# [Task directions]
From the first line to the last, give the material again exactly, without the images.

# [Input data]
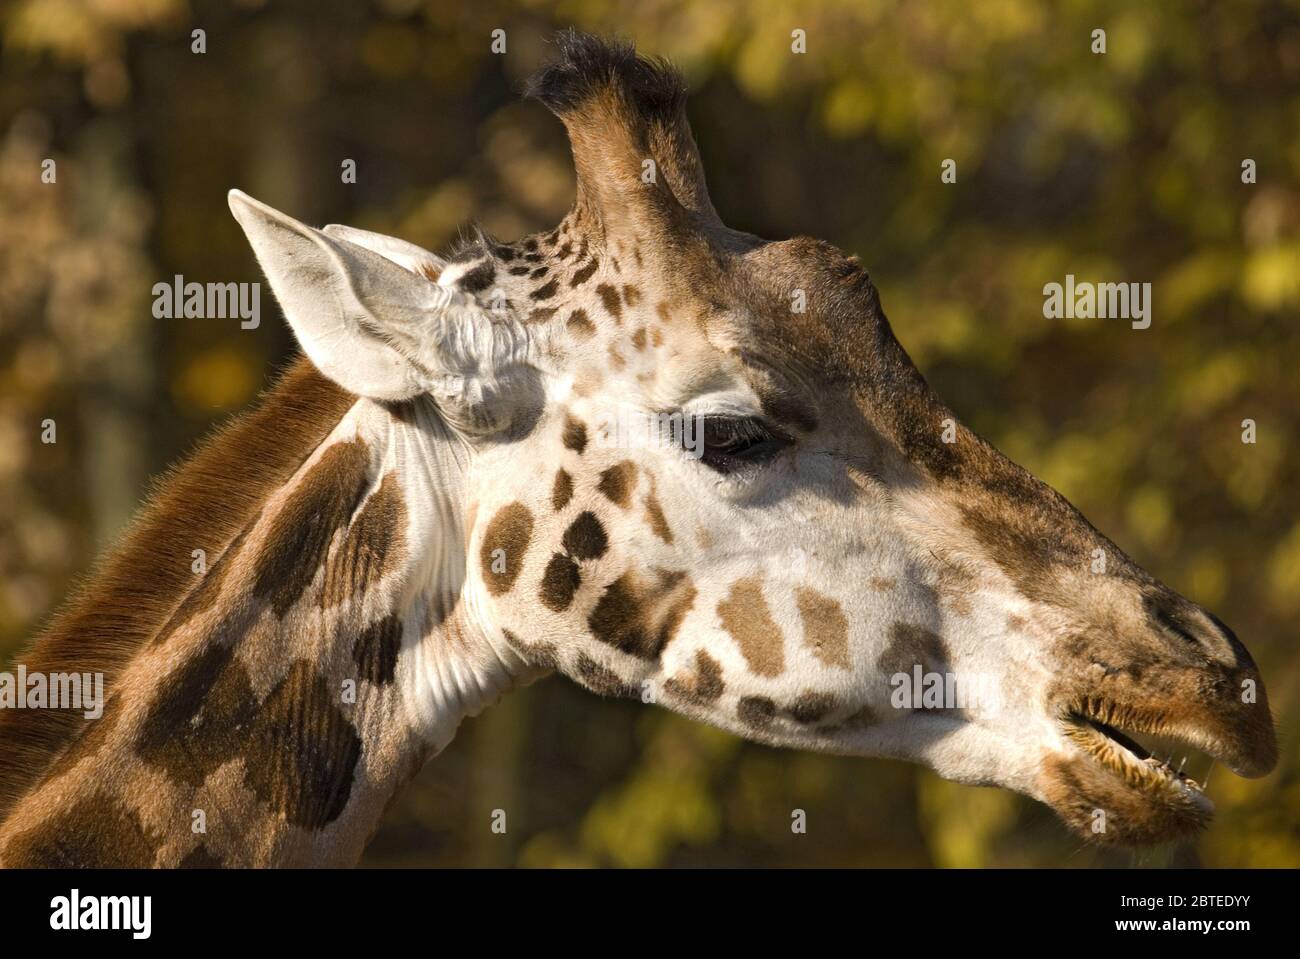 Girafe - Giraffa camelopardalis, potrait de girafé, safari au Kenya, en Afrique, membre mignon des cinq grands mammifères africains. Banque D'Images
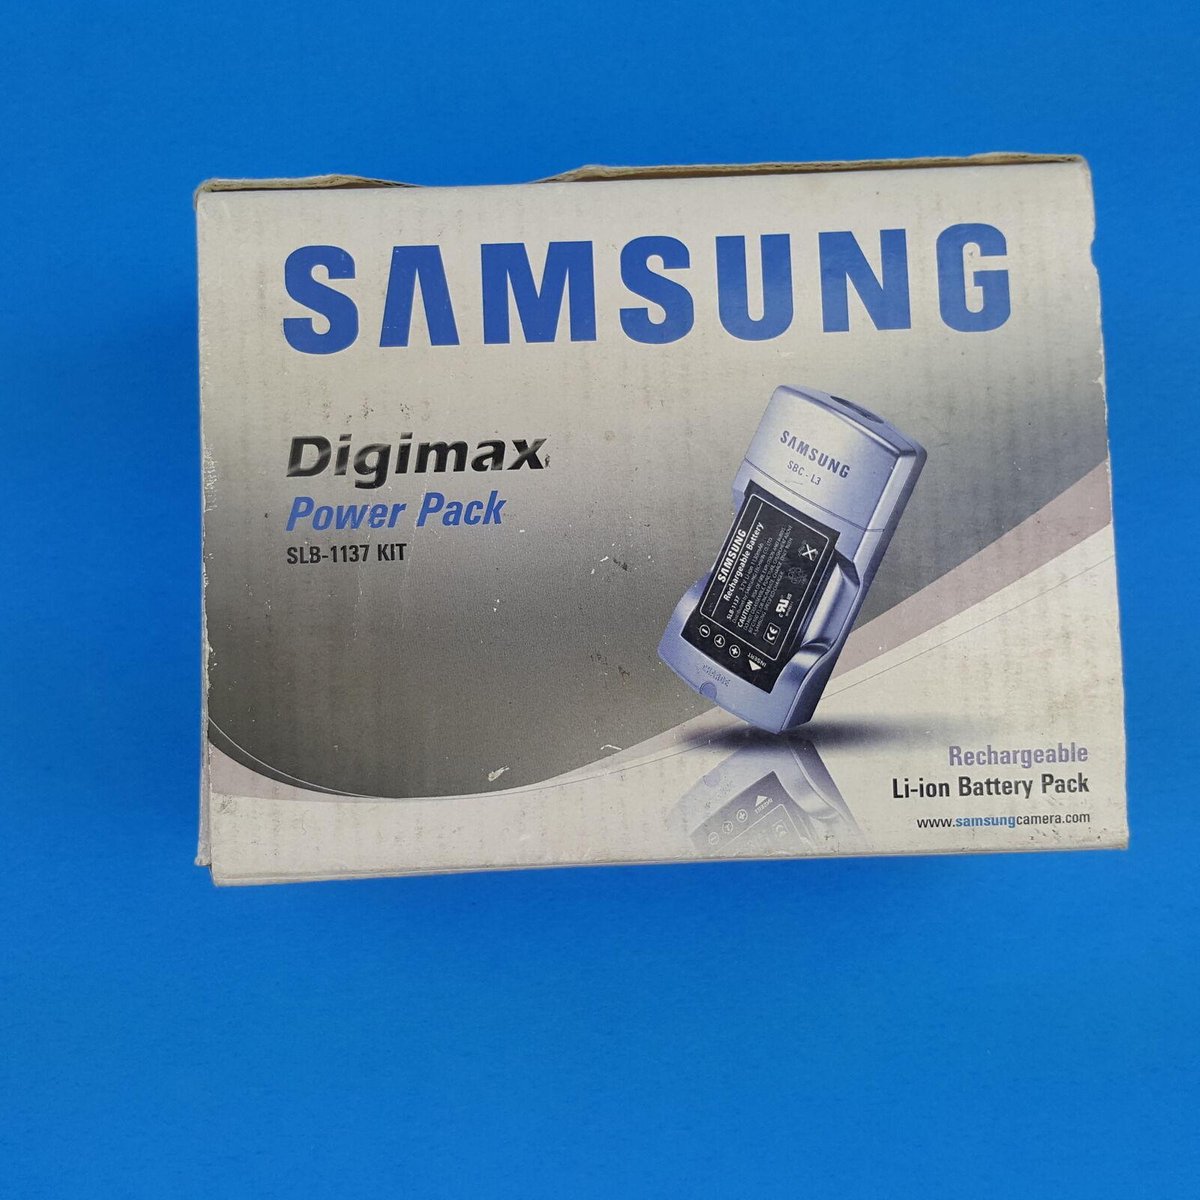 Samsung Digital Power Pack SLB-1137 Kit
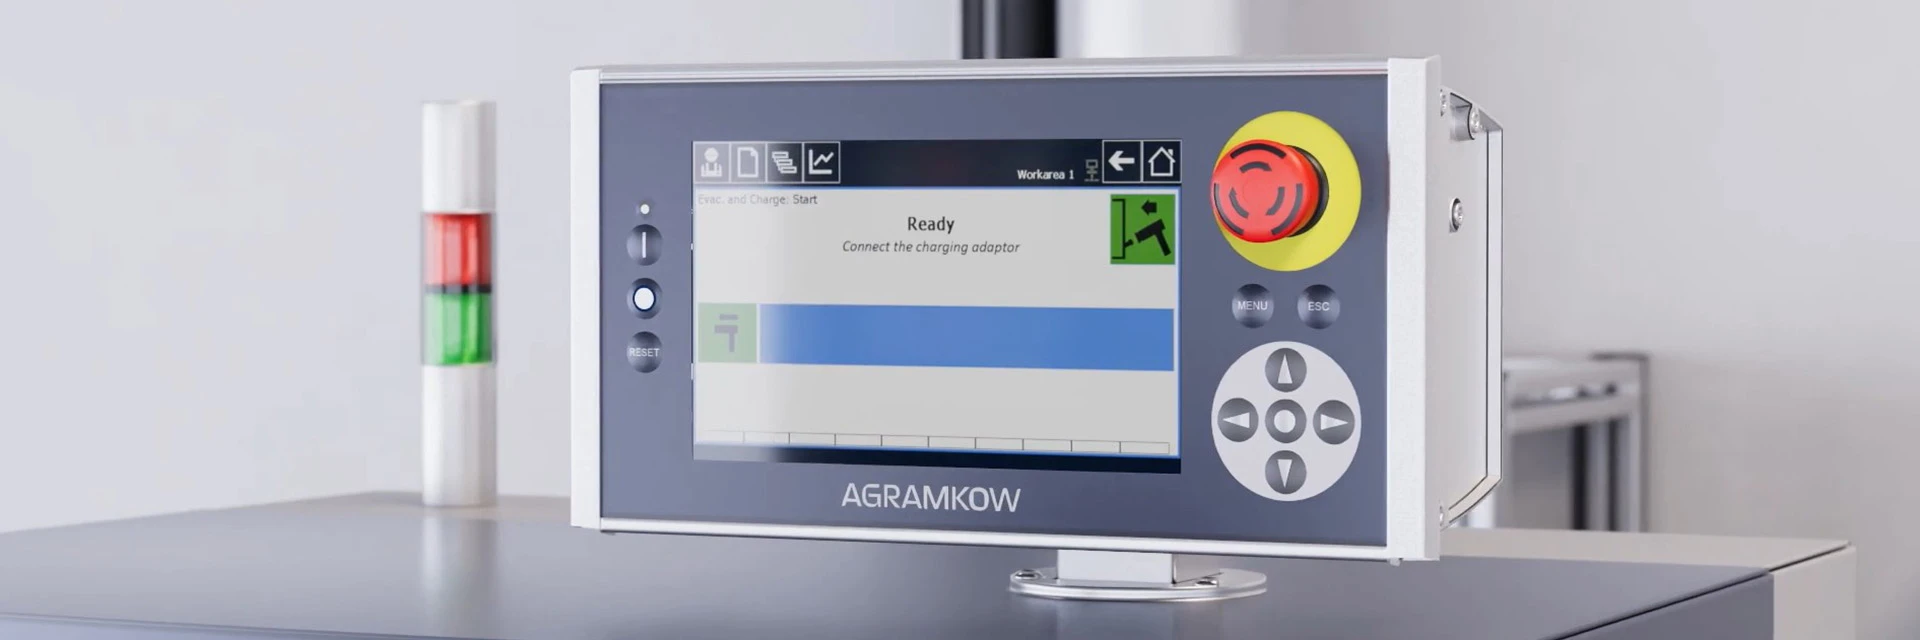 Agramkow refrigerant charging machine display
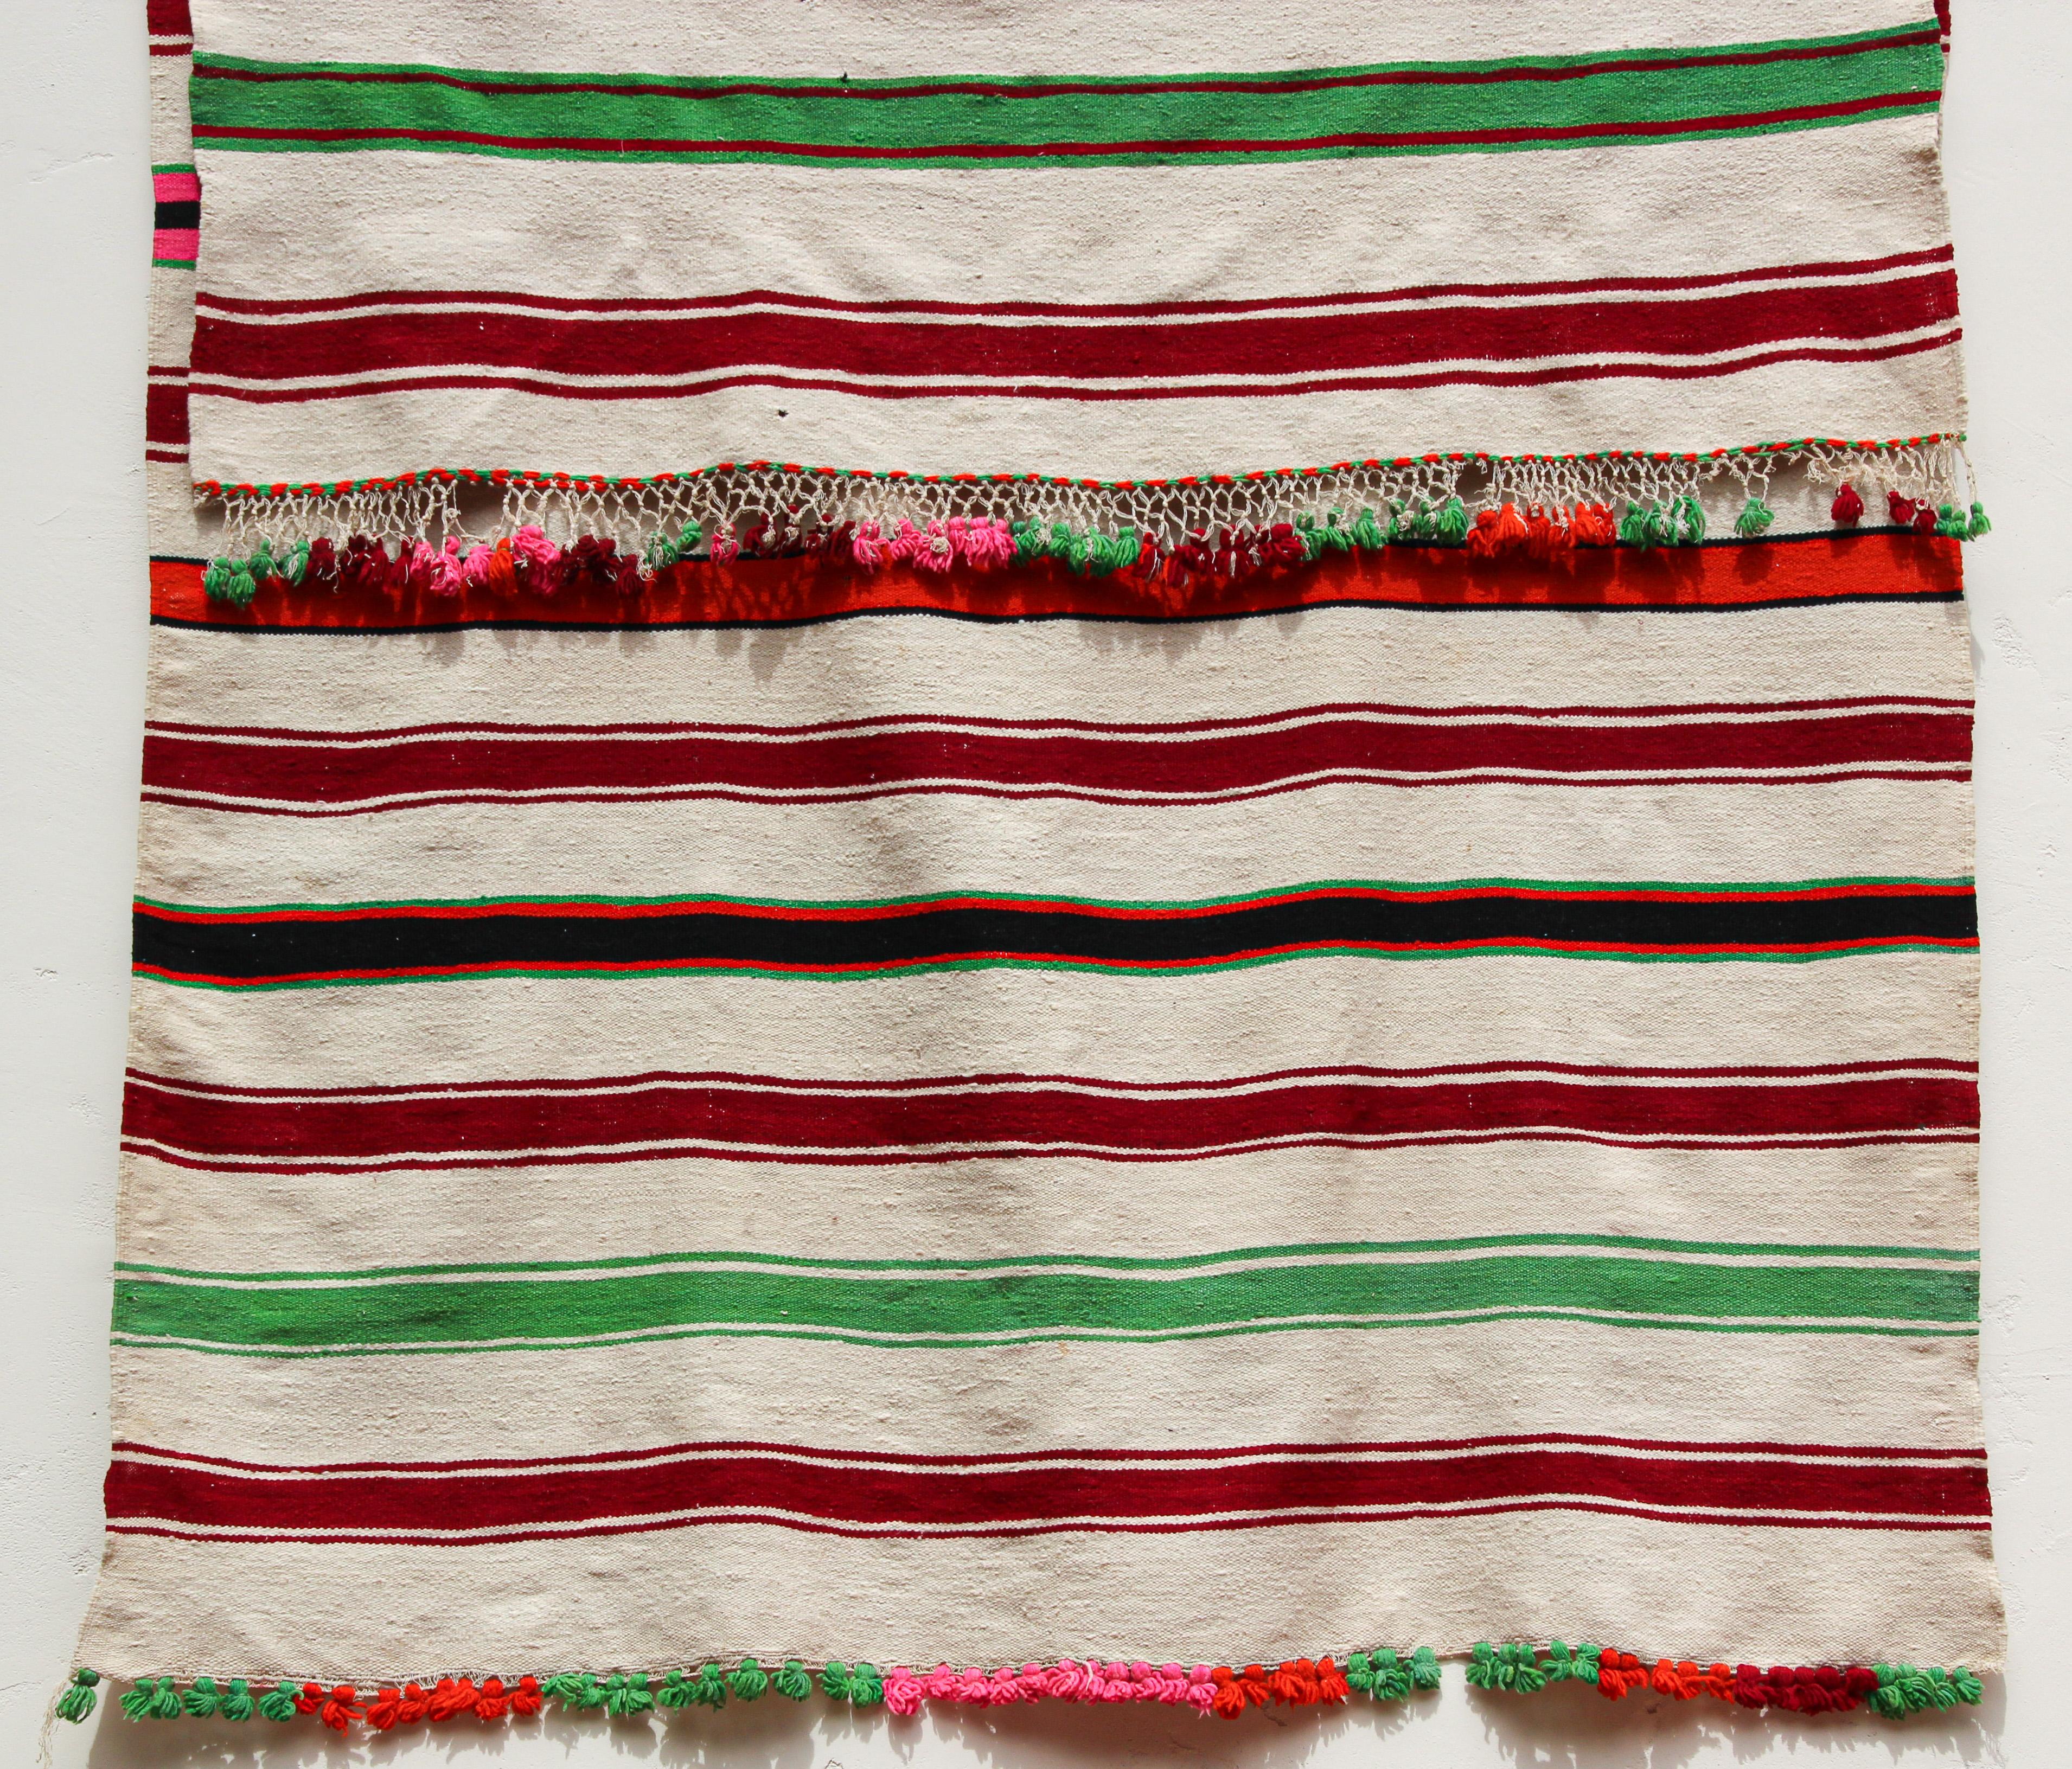 Vintage 1960s Moroccan Flat-Weave Rug, Ethnic Textile Handira For Sale 6

# [Written answer]
 Girafe - Giraffa camelopardalis, potrait de girafé, safari au Kenya, en Afrique, membre mignon des cinq grands mammifères africains. Banque D'Images
 Samsung Digital Power Pack SLB-1137 Kit
 Agramkow refrigerant charging machine display
 Vintage 1960s Moroccan Flat-Weave Rug, Ethnic Textile Handira For Sale 6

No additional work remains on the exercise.